You missed the context. I don’t blame you.

Tell me how in hell are you going to audit every single variation of code generated by a LLM, that's equivalent to a whole library. I'll wait.

[–] this@sh.itjust.works 19 points 1 day ago (1 children)

True, but I would think developers should at least be following it with the code they're actually working on.

[–] AwesomeLowlander@sh.itjust.works -2 points 18 hours ago (2 children)

It's an imported library, since when are devs expected to be inspecting the source code of every library they import?

[–] yessikg@fedia.io 2 points 2 hours ago

Since forever?
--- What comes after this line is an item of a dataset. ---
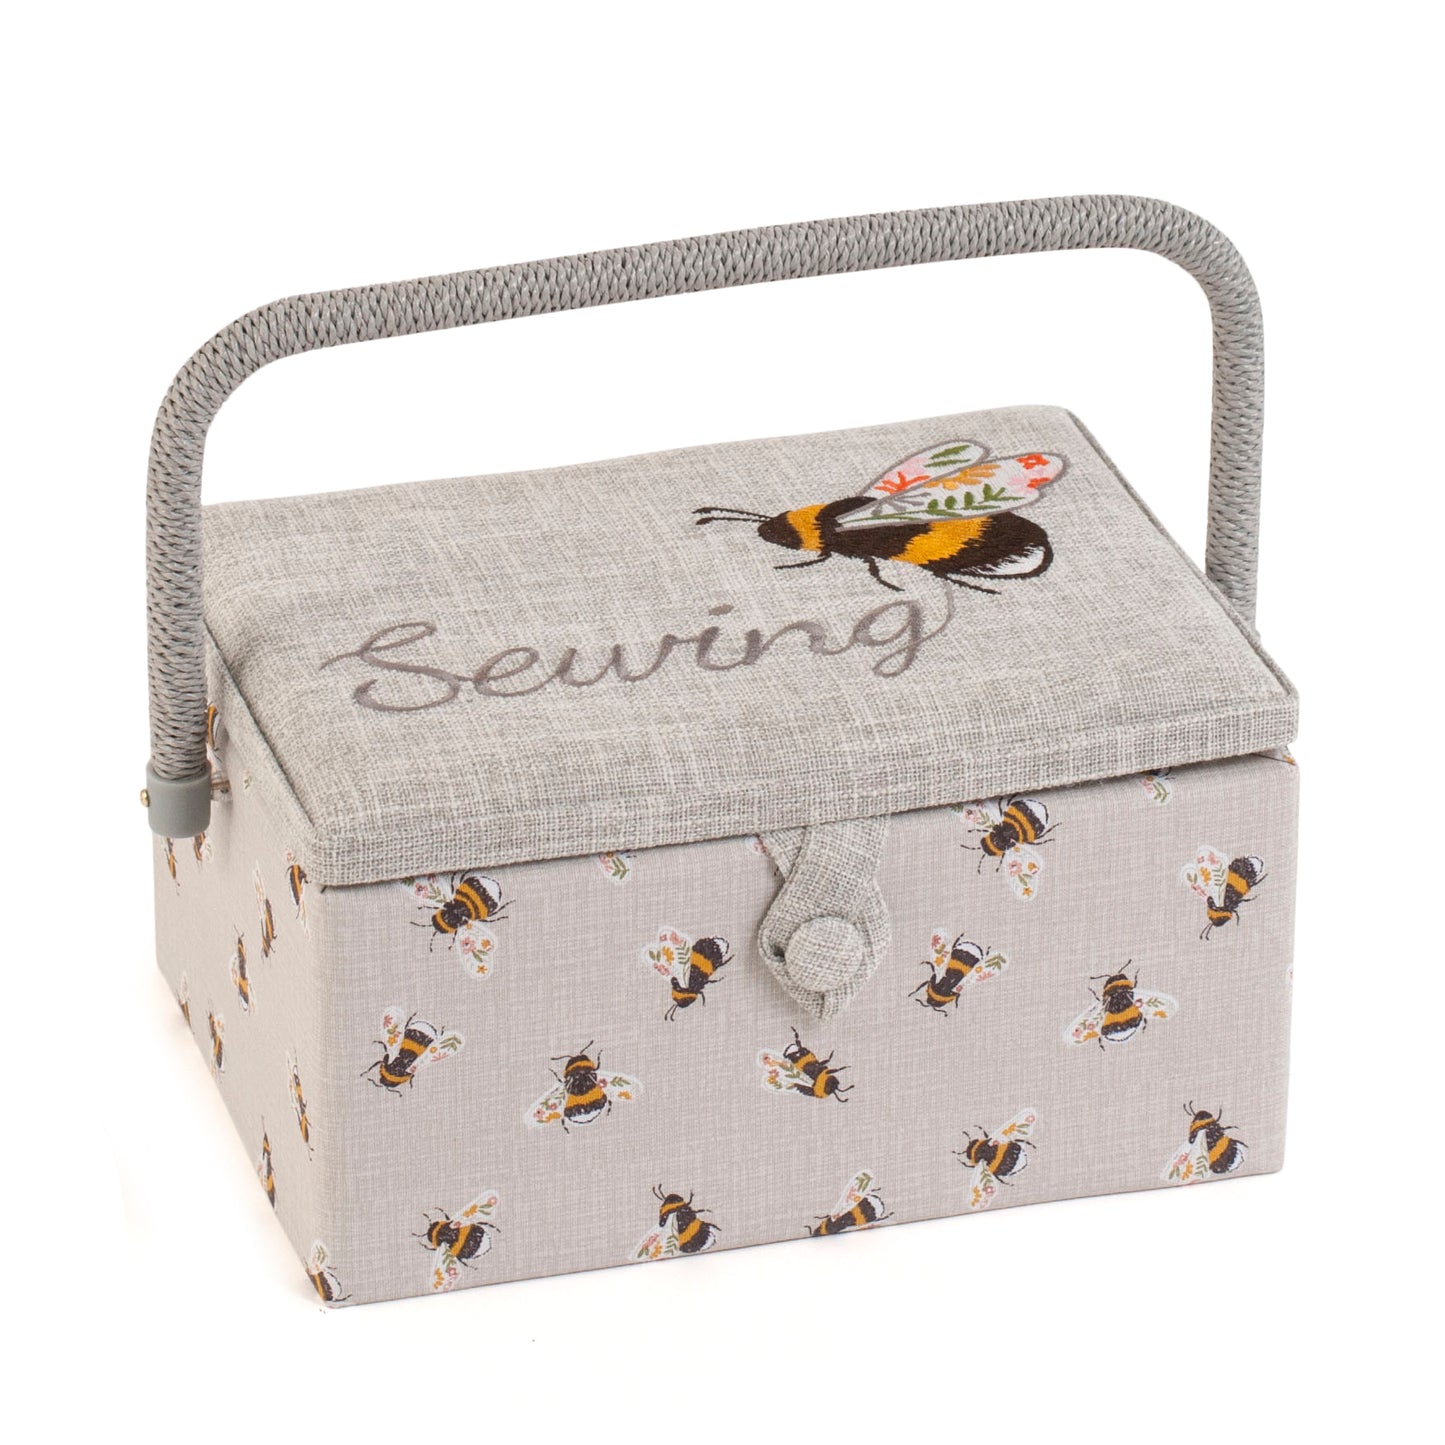 Hobby Gift Bees Embroidered Sewing Thread Storage Box

Don't you do security audits on the libraries you use?

[–] sakuraba@lemmy.ml 4 points 7 hours ago

it used to be a thing but javascript npm brainrot happened

[–] Rothe@piefed.social 37 points 1 day ago (1 children)

It's the stolen work of other people.

[–] Jakeroxs@sh.itjust.works -3 points 9 hours ago (1 children)
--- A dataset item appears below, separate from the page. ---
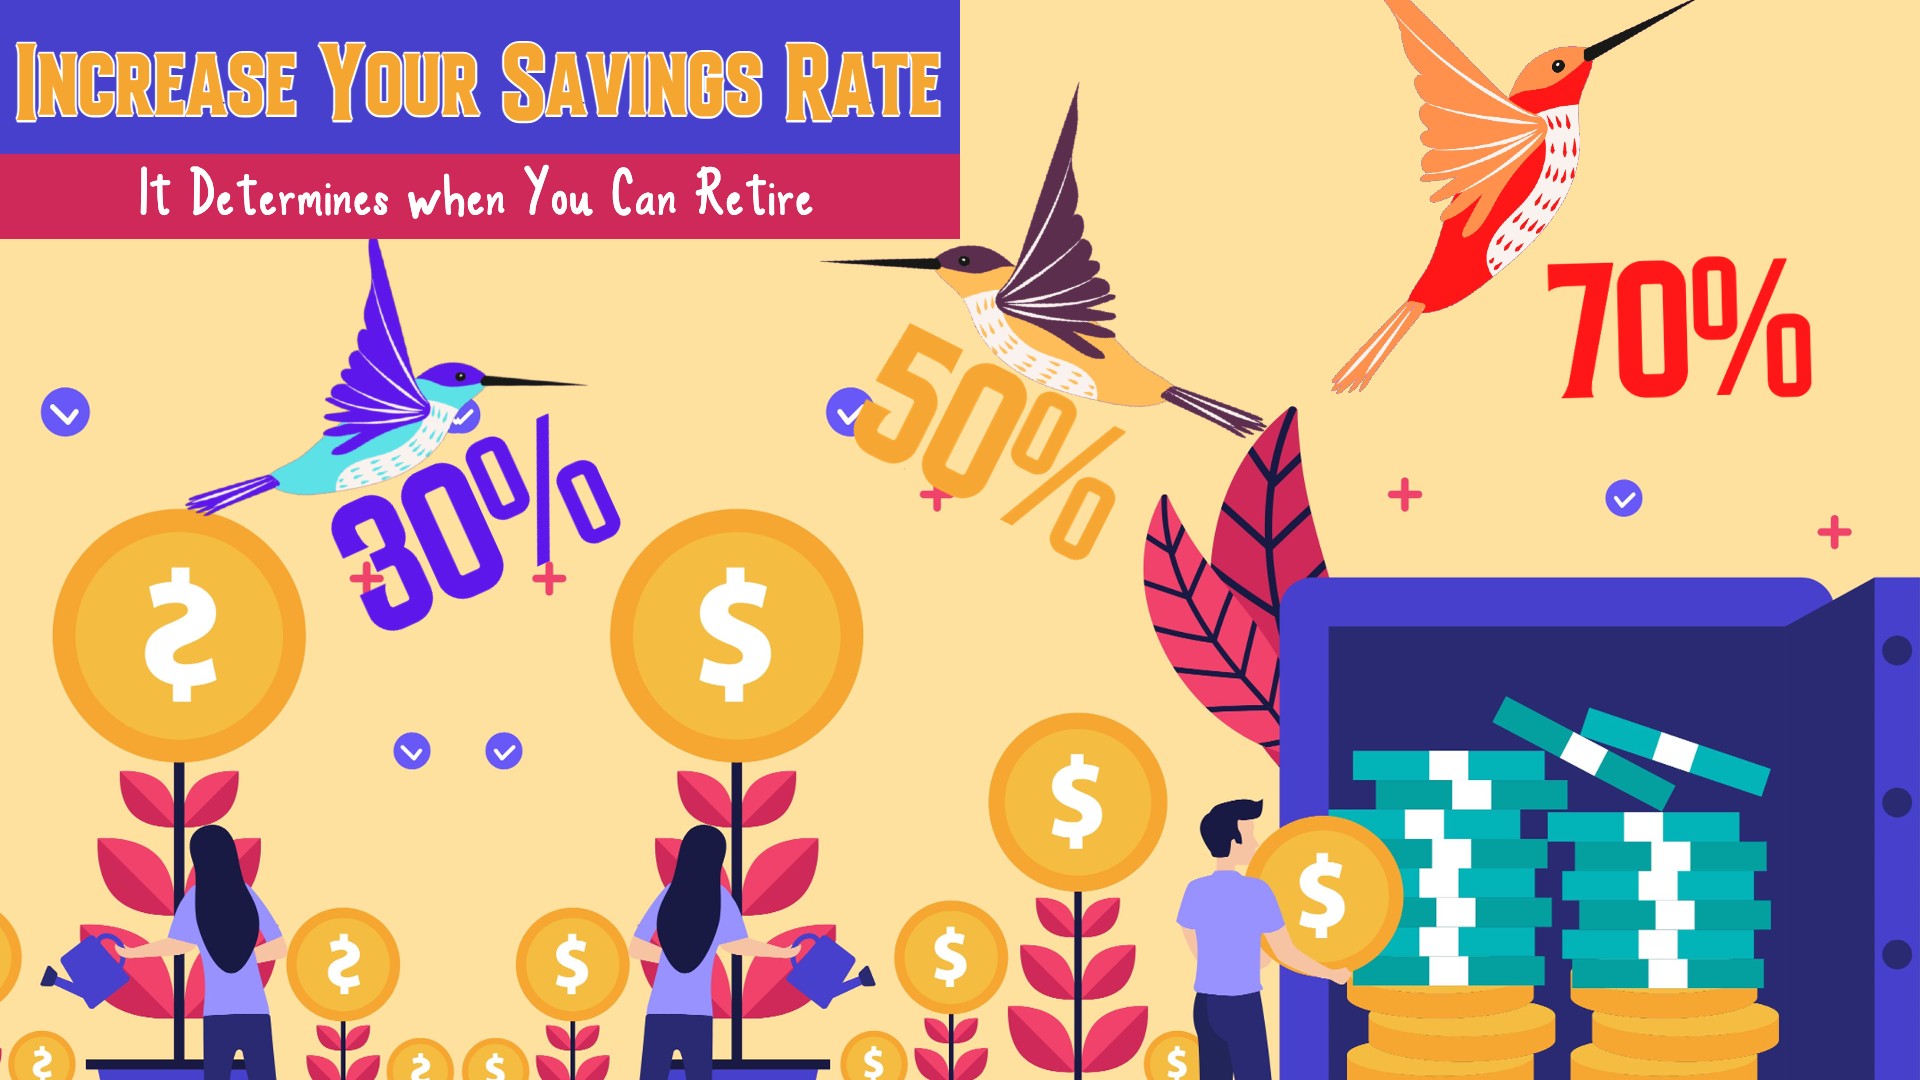 Increase Your Savings Rate: It Determines When You Can Retire

Like all of human knowledge, I swear you antillm people are out of your mind.

Here we have a way to bring coding and creation to the masses at a much lower bar and most of the LLM projects I see are MIT licensed, it's literally a revolution for open source but half of you are pearl clutching and acting like god damn Microsoft.

[–] mabeledo@lemmy.world 2 points 8 hours ago (1 children)

You are missing the most important questions here: who can afford it, and who owns it.

It’s easy to be pro LLM when $20 a month is not a big deal.

[–] Jakeroxs@sh.itjust.works -1 points 8 hours ago (1 children)

Self host an open model, but yeah 20 a month is not that expensive for what you can do with it.

But that's not what anyone in this thread is saying, they're saying LLM code bad and stealing so let's poison open source projects. Also sharing code is bad now, when I'm sure many of these people would claim they like open source code.

Again, I think knowledge and code should be free for all to use so that we all benefit from it.

[–] mabeledo@lemmy.world 3 points 8 hours ago

I figured you wouldn’t be able to look past your own personal experience. I’m sorry to say that most people outside your bubble cannot afford either the subscription nor the hardware to run usable LLMs locally.

“Sharing code is bad now” because a handful of companies scraped it and not only they haven’t given anything back, they are reselling it in different shapes, and telling people that now all that data is proprietary. So, yes, stolen is an apt word for it.

Anyway, all this talk about “democratizing” knowledge is bullshit. Libraries democratized knowledge. The internet democratized knowledge. Anyone can learn how to code if they put the time and read a book and practice.

But delegated thinking is the opposite of acquiring knowledge, so what the hell are you people yapping about.

[–] bhamlin@lemmy.world 6 points 1 day ago (1 children)

I think that's the problem though, isn't it. It is other people's work, condensed down into what could semi-accurately be called a statistics based random word generator. If LLMs were good at it or had people checking behind then that were good we wouldn't be in this mess in the first place.

[–] rockerface@lemmy.cafe 12 points 1 day ago

I meant more the process of generating code via LLM isn't work. The end result ultimately uses someone else's work, yes, but the process can be and should be sabotaged.